Y las calidades, condiciones y maneras de todos los oficiales y personas, se trata en el Libro Décimo, donde también se trata de los miembros corporales y de las enfermedades y medicinas contrarias, y también de las diferencias y diversidades de generaciones de gentes que en esta tierra habitan, y de sus condiciones. Estos cuatro libros constituyen el tercero volumen, que es éste. En el cuarto volumen se trata de las cosas más baxas, que son animales, aves, yerbas y árboles, que constituyen el Undécimo Libro. En el Libro Duodécimo se trata de las guerras cuando esta tierra fue conquistada, como de cosas horribles y enemiga de la naturaleza humana. Todos estos libros constituyen el cuarto y postrero volumen (538).

Sahagún sabe el exacto lugar de sus prólogos, y por lo tanto, podemos colegir que hay un propósito —tanto doctrinario como formal— en estos textos desperdigados a lo largo de la Historia general. Por otro lado —y en otro prólogo—, el fraile hará gala de la función de anticipación propagandística de este tipo de textos, y nos indicará el valor de la obra incluyéndose en su autoría, pero en tercera persona del singular, como partícipe de la misma, aunque sin identificarse con el autor del prefacio:

Desque estas escrituras estuvieron sacadas en blanco [...] el autor dellas demandó al padre comisario, fray Francisco de Ribera, que se viesen de tres o cuatro religiosos, para que aquellos dixesen lo que les parecía dellas [...] y dixeron en el definitorio que eran escrituras de mucha estima, que debían ser favorecidas para que se acabasen. [...] En este tiempo el autor hizo un sumario de todos los libros y de todos los capítulos de cada libro, y los prólogos, donde en brevedad se decía todo lo que se contenía en los libros. Este sumario llevó a España el padre Fray Miguel Navarro y su compañero el padre Fray Jerónimo de Mendieta. Y ansí se supo en España lo que estaba escrito cerca de las cosas de esta tierra. En este medio tiempo el padre provincial tomó todos los libros al dicho autor y se esparcieron por toda la Provincia, donde fueron vistos de muchos religiosos y aprobados por muy preciosos y provechosos" (Libro Segundo, 79, énfasis agregado).

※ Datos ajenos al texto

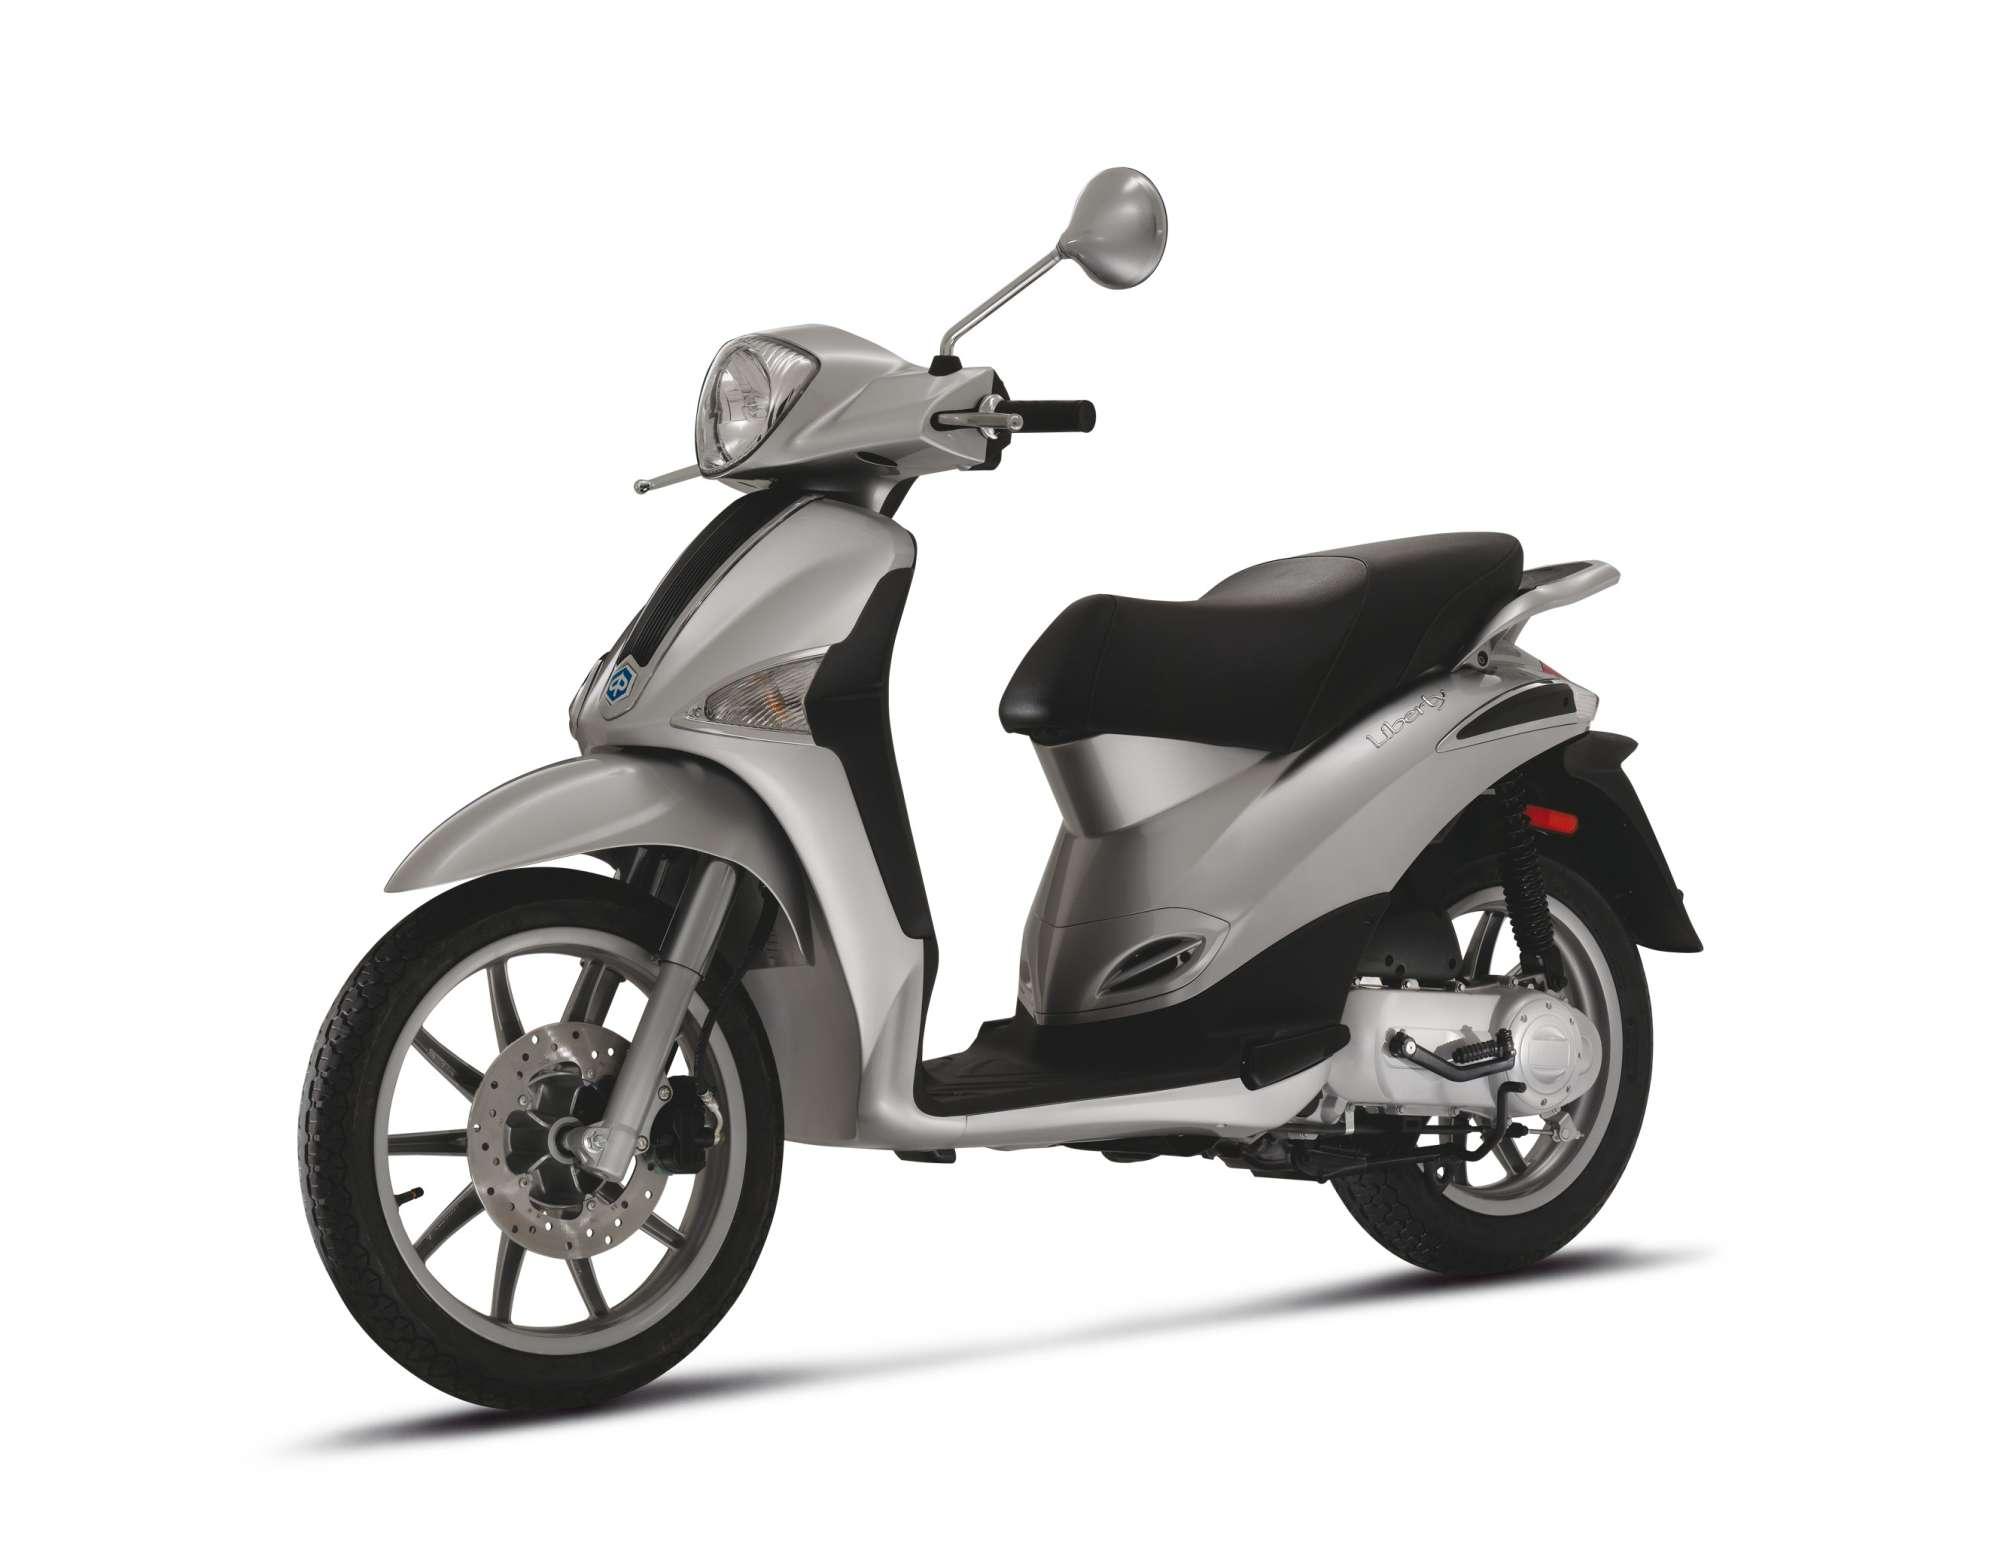 piaggio liberty 50 2t tuning – idea di immagine del motociclo

El prólogo al Segundo Libro es un ejemplo no sólo de este anacronismo escriturario, sino también de explicitación de las condiciones de producción de la obra sahaguntina. En él nos explica quiénes ayudaron a la composición, cómo fue escrita, durante cuánto tiempo, y da cuenta de los numerosos obstáculos que tuvo que enfrentar para su concreción. Idas y vueltas, falta de dinero, alabanzas y negaciones, el prólogo está ahí, antepuesto, para que se establezca una relación de empatía entre el prologuista y el lector: "Todo lo sobredicho hace al propósito de que se entienda que esta obra ha sido examinada y apurada por muchos, y en muchos años, y se han pasado muchos trabajos y desgracias hasta ponerla en el estado que agora está" (f. 80).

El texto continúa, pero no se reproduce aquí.